Dispute Resolution and Governing Law: Except where prohibited, all applicants and grant recipients agree that in the event of any controversy, claim, action, or dispute arising out of or related to this Program, any related award, or the breach, enforcement, interpretation, or validity of these Terms or any part of it (“Dispute”), both parties shall first try in good faith to settle such Dispute by providing written notice to the other party describing the facts and circumstances of the Dispute and allowing the receiving party 30 days in which to respond to or settle the Dispute.
Notice shall be sent:
(1) to Mars or SEEDS of CHANGETMat: Mars Australia Pty Ltd, 4 Corella Close, Berkeley Vale, NSW, 2261
(2) to you at: the contact information on file with Mars.
Both you and Mars agree that this dispute resolution procedure is a condition precedent that must be satisfied before initiating any litigation or filing any claim against the other party.
IF ANY DISPUTE CANNOT BE RESOLVED BY THE ABOVE DISPUTE RESOLUTION PROCEDURE, YOU AGREE THAT THE SOLE AND EXCLUSIVE JURISDICTION FOR SUCH DISPUTE WILL BE DECIDED BY BINDING ARBITRATION ON AN INDIVIDUAL BASIS. ARBITRATION ON AN INDIVIDUAL BASIS MEANS THAT YOU WILL NOT HAVE, AND YOU WAIVE, THE RIGHT FOR A JUDGE OR JURY TO DECIDE YOUR CLAIMS, AND THAT YOU MAY NOT PROCEED IN A CLASS, CONSOLIDATED, OR REPRESENTATIVE CAPACITY. Other rights that you and we would have in court will not be available or will be more limited in arbitration, including discovery and appeal rights.
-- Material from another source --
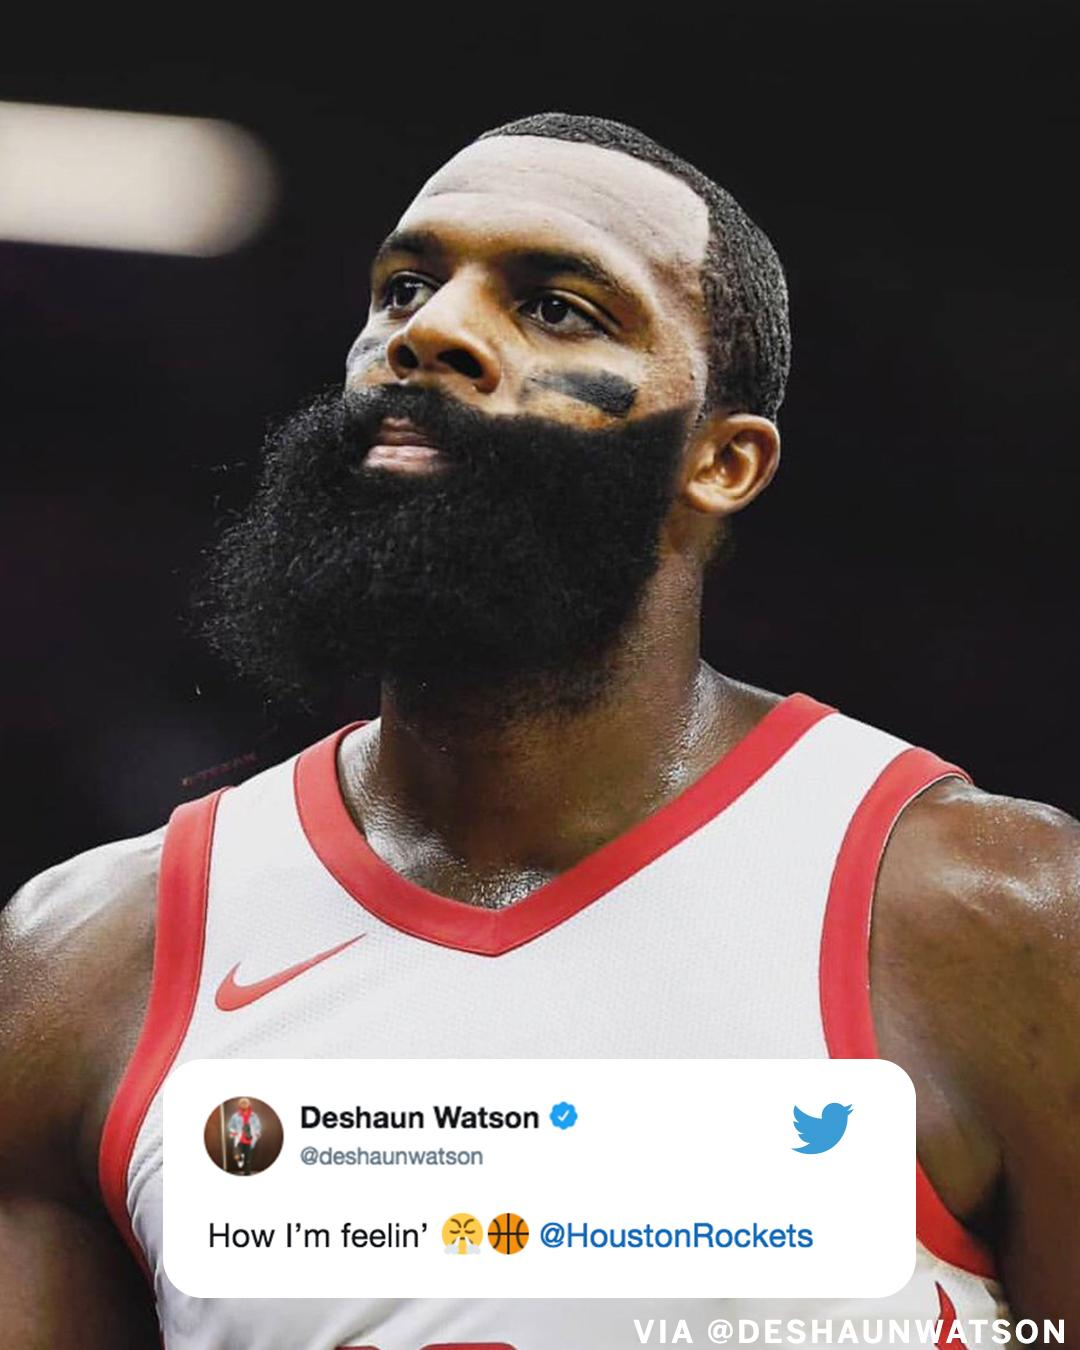 James Harden's big Game 4 has Deshaun Watson in a Beard kinda mood. https://t.co/BNlKMIpLWd

All such Disputes shall be exclusively submitted to the Institute of Arbitrators and Mediators Australia for binding arbitration under its rules then in effect, before one arbitrator to be mutually agreed upon by both parties.
The arbitrator, and not any federal, state, or local court or agency, shall have exclusive authority to resolve any dispute arising under or relating to the interpretation, applicability, enforceability, or formation of these Terms, including any claim that all or any part of this Program or these Terms is void or voidable.
All issues and questions concerning the construction, validity, interpretation and enforceability of these Terms, or the rights and obligations of the applicant, Mars and SEEDS of CHANGETMin connection with the Program, shall be governed by, and construed in accordance with, the laws of the State of New South Wales, Australia, and each party irrevocably submits to the non-exclusive jurisdiction of the courts of New South Wales and their courts of appeal.